Claude API Advanced: Batching, Caching, and Cost Optimization

Message Batches API

When you have large volumes of requests that don't need immediate responses, the Batches API saves you 50% on costs. Batch requests are processed asynchronously within 24 hours.

Creating a Batch

import anthropic

client = anthropic.Anthropic()

batch = client.messages.batches.create(
    requests=[
        {
            "custom_id": "request-1",
            "params": {
                "model": "claude-sonnet-4-20250514",
                "max_tokens": 1024,
                "messages": [{"role": "user", "content": "Summarize the core concepts of quantum computing"}]
            }
        },
        {
            "custom_id": "request-2",
            "params": {
                "model": "claude-sonnet-4-20250514",
                "max_tokens": 1024,
                "messages": [{"role": "user", "content": "Explain the difference between ML and deep learning"}]
            }
        }
    ]
)

print(f"Batch ID: {batch.id}, Status: {batch.processing_status}")

Checking Status and Retrieving Results

# Check status
batch = client.messages.batches.retrieve(batch.id)
print(f"Status: {batch.processing_status}")

# Get results (after processing completes)
for result in client.messages.batches.results(batch.id):
    print(f"{result.custom_id}: {result.result.message.content[0].text[:100]}")

Prompt Caching

For scenarios with large fixed contexts (long document analysis, system prompts), Prompt Caching stores input content so subsequent requests reuse the cache, saving up to 90% on input token costs.

Using Cache

import anthropic

client = anthropic.Anthropic()

long_document = "This is a very long document..." * 500  # Long context

# Add cache_control to content blocks you want cached
response = client.messages.create(
    model="claude-sonnet-4-20250514",
    max_tokens=1024,
    system=[
        {
            "type": "text",
            "text": long_document,
            "cache_control": {"type": "ephemeral"}
        }
    ],
    messages=[{"role": "user", "content": "What are the key points of this document?"}]
)

# Subsequent requests with the same context will hit cache
# usage.cache_creation_input_tokens: first-time cache write
# usage.cache_read_input_tokens: subsequent cache hits
print(f"Cache read: {response.usage.cache_read_input_tokens} tokens")

Cache Pricing

Cache write: 25% more than standard input pricing
Cache read: 90% less than standard input pricing
Cache TTL: 5 minutes (auto-renewed on each hit)

Extended Thinking

Extended Thinking lets Claude reason deeply before answering, ideal for complex reasoning, math, and coding problems.

response = client.messages.create(
    model="claude-sonnet-4-20250514",
    max_tokens=8000,
    thinking={
        "type": "enabled",
        "budget_tokens": 5000  # Token budget for thinking
    },
    messages=[{"role": "user", "content": "Prove that the square root of 2 is irrational"}]
)

for block in response.content:
    if block.type == "thinking":
        print(f"Thinking: {block.thinking[:200]}...")
    elif block.type == "text":
        print(f"Answer: {block.text}")

Token Counting API

Estimate token usage before sending requests to manage costs:

count = client.messages.count_tokens(
    model="claude-sonnet-4-20250514",
    messages=[{"role": "user", "content": "Hello, world!"}]
)
print(f"Input tokens: {count.input_tokens}")

Cost Optimization Strategies

Strategy	Savings	Use Case
Use Haiku model	~90%	Simple classification, summaries
Message Batches	50%	Offline bulk processing
Prompt Caching	Up to 90%	Repeated long contexts
Optimize prompts	Significant	All scenarios
Set proper max_tokens	Significant	Avoid waste

Rate Limits and Retries

import anthropic

# SDK has built-in auto-retry (default 2 retries)
client = anthropic.Anthropic(max_retries=3)

# Manual handling
try:
    response = client.messages.create(...)
except anthropic.RateLimitError:
    # Wait and retry, or reduce request frequency
    pass

FAQ

How long are Batches API results retained?

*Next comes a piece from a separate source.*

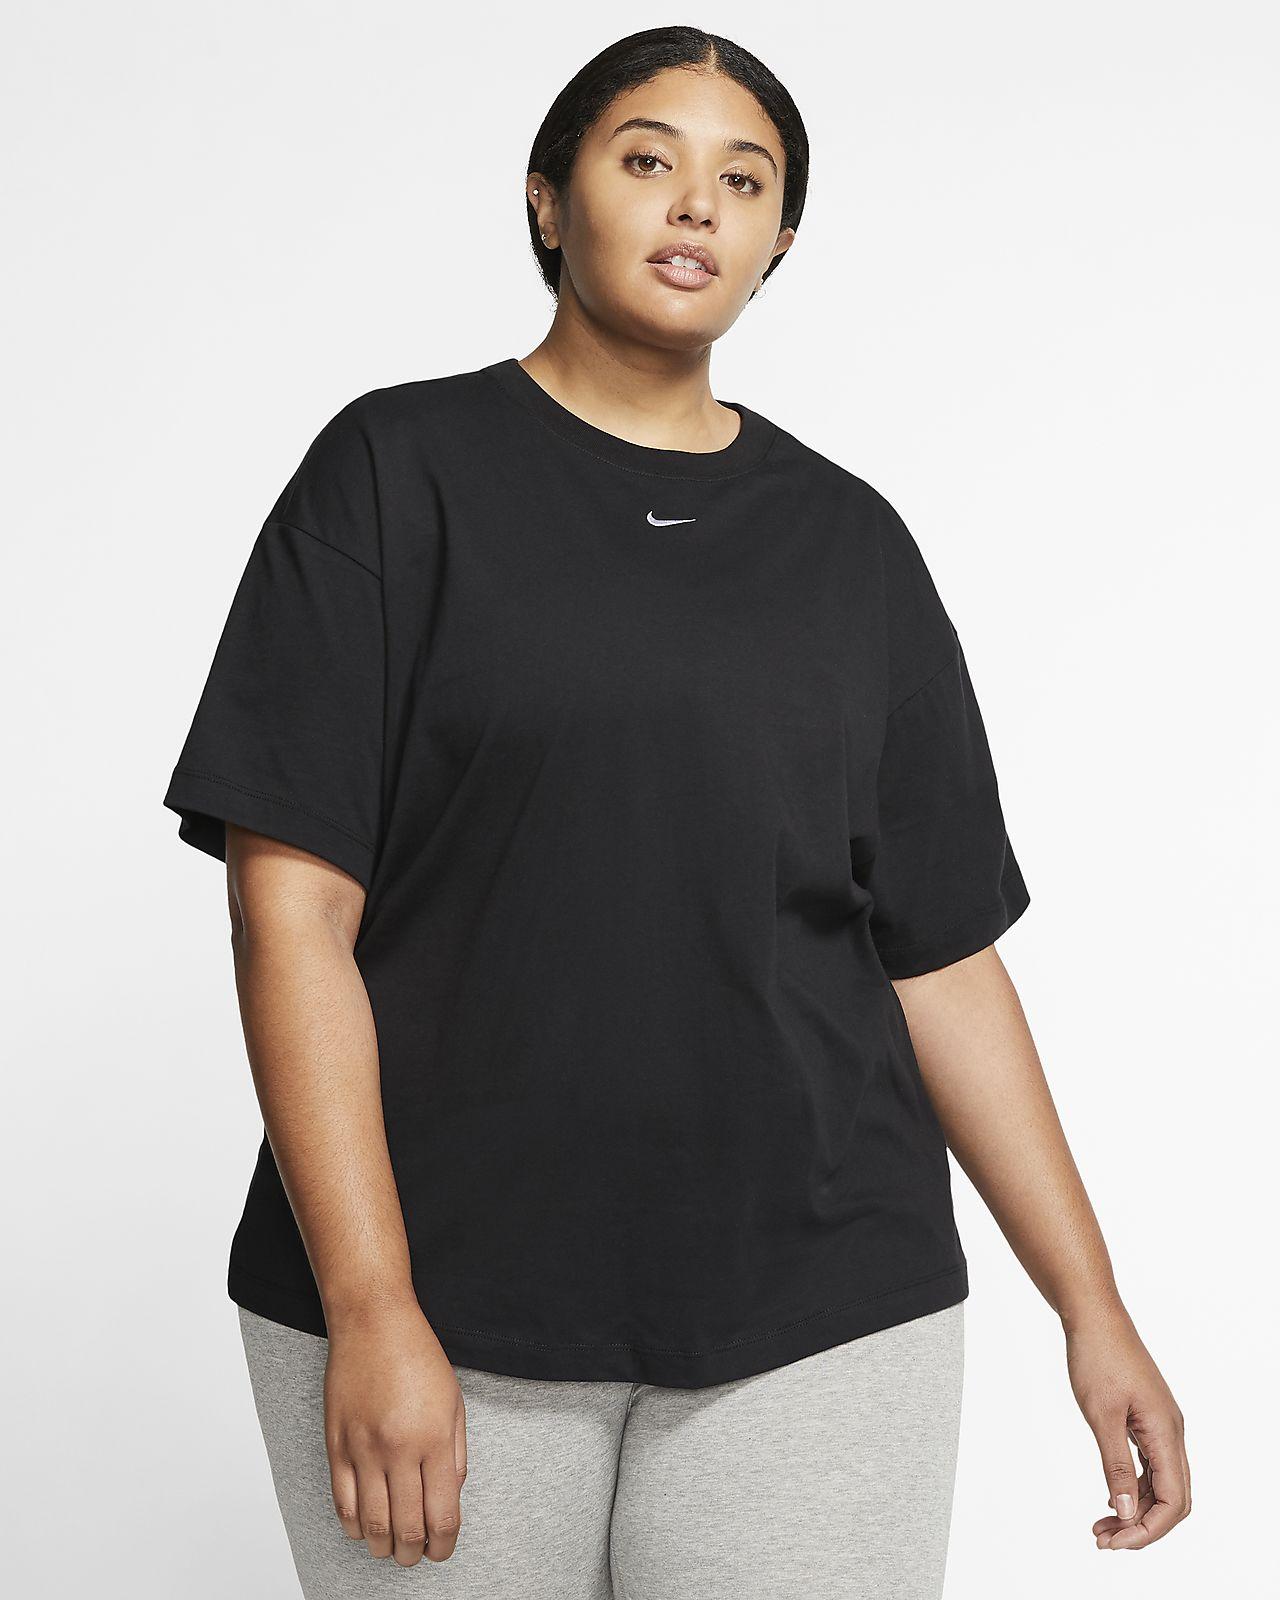 Nike Sportswear Essential Kurzarmoberteil für Damen (große Größe)

Batch results are retained for 29 days after completion. Download and save any results you need within this period.

Does Prompt Caching work with all models?

Prompt Caching is supported on major models including Claude Sonnet, Opus, and Haiku. Cached content must be at least 1024 tokens — shorter content will not trigger the caching mechanism.

What should I set budget_tokens to for Extended Thinking?

Adjust based on problem complexity. For simple reasoning, 2000-5000 is sufficient. For complex mathematical proofs or multi-step reasoning, set 10000 or higher. You are only charged for tokens actually used, not the full budget.

How can I monitor API usage costs?

Check the Usage page at console.anthropic.com for real-time usage and costs. Set a Spending Limit to prevent unexpected overcharges, and track per-request token consumption via the usage field in API responses.